Work order
After locating the line containing "Just 2 more" in the entries below, please write out that line and the rest through the end exactly. Omit pictures.

(Stored items from a collection)
* * *

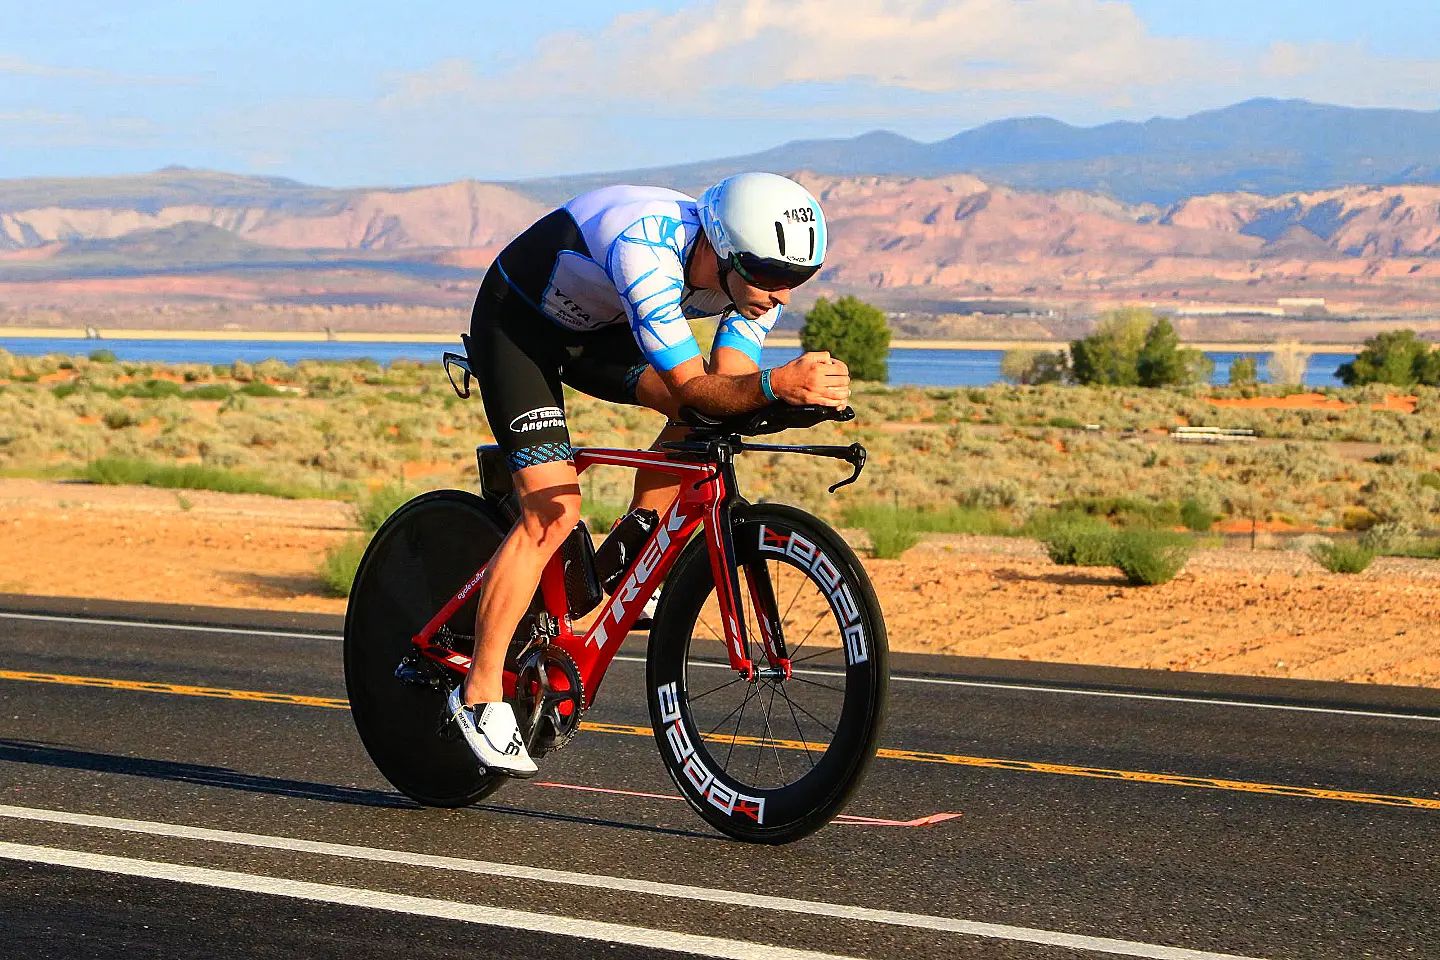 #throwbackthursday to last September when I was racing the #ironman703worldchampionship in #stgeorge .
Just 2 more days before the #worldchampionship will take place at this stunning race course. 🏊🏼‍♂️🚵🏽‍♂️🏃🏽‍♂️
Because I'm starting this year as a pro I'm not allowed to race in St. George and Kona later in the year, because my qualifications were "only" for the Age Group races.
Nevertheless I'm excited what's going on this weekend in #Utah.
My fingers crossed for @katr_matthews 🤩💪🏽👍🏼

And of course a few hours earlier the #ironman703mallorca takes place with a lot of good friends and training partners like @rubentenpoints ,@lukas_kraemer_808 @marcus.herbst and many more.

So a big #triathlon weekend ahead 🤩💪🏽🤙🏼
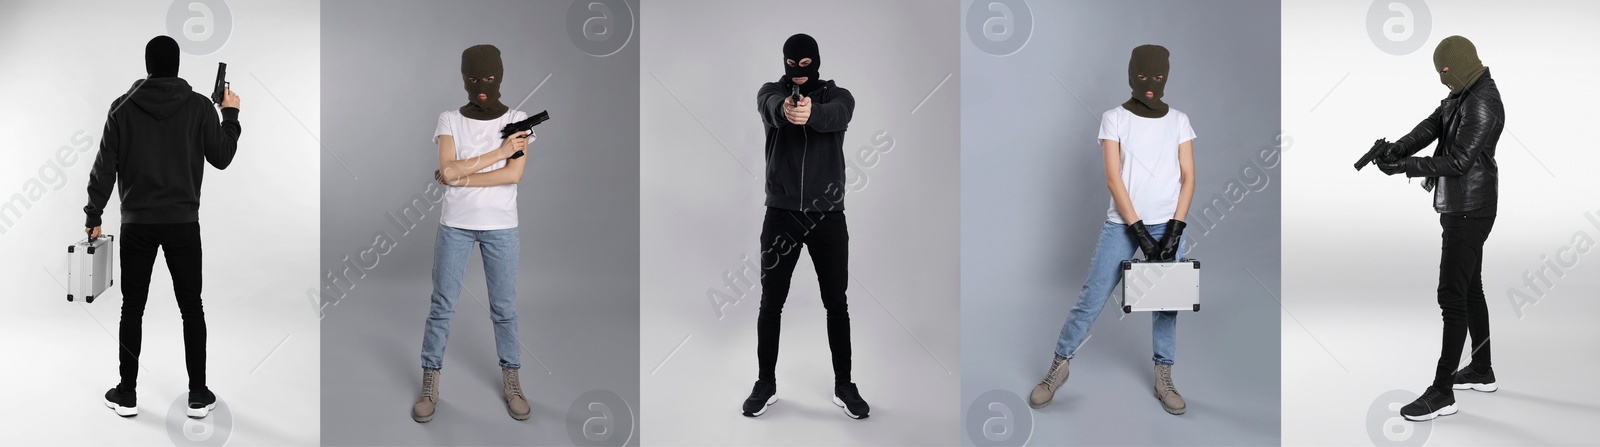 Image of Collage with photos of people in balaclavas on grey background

* * *

Answer to the problem
Just 2 more days before the #worldchampionship will take place at this stunning race course. 🏊🏼‍♂️🚵🏽‍♂️🏃🏽‍♂️
Because I'm starting this year as a pro I'm not allowed to race in St. George and Kona later in the year, because my qualifications were "only" for the Age Group races.
Nevertheless I'm excited what's going on this weekend in #Utah.
My fingers crossed for @katr_matthews 🤩💪🏽👍🏼

And of course a few hours earlier the #ironman703mallorca takes place with a lot of good friends and training partners like @rubentenpoints ,@lukas_kraemer_808 @marcus.herbst and many more.

So a big #triathlon weekend ahead 🤩💪🏽🤙🏼
 Image of Collage with photos of people in balaclavas on grey background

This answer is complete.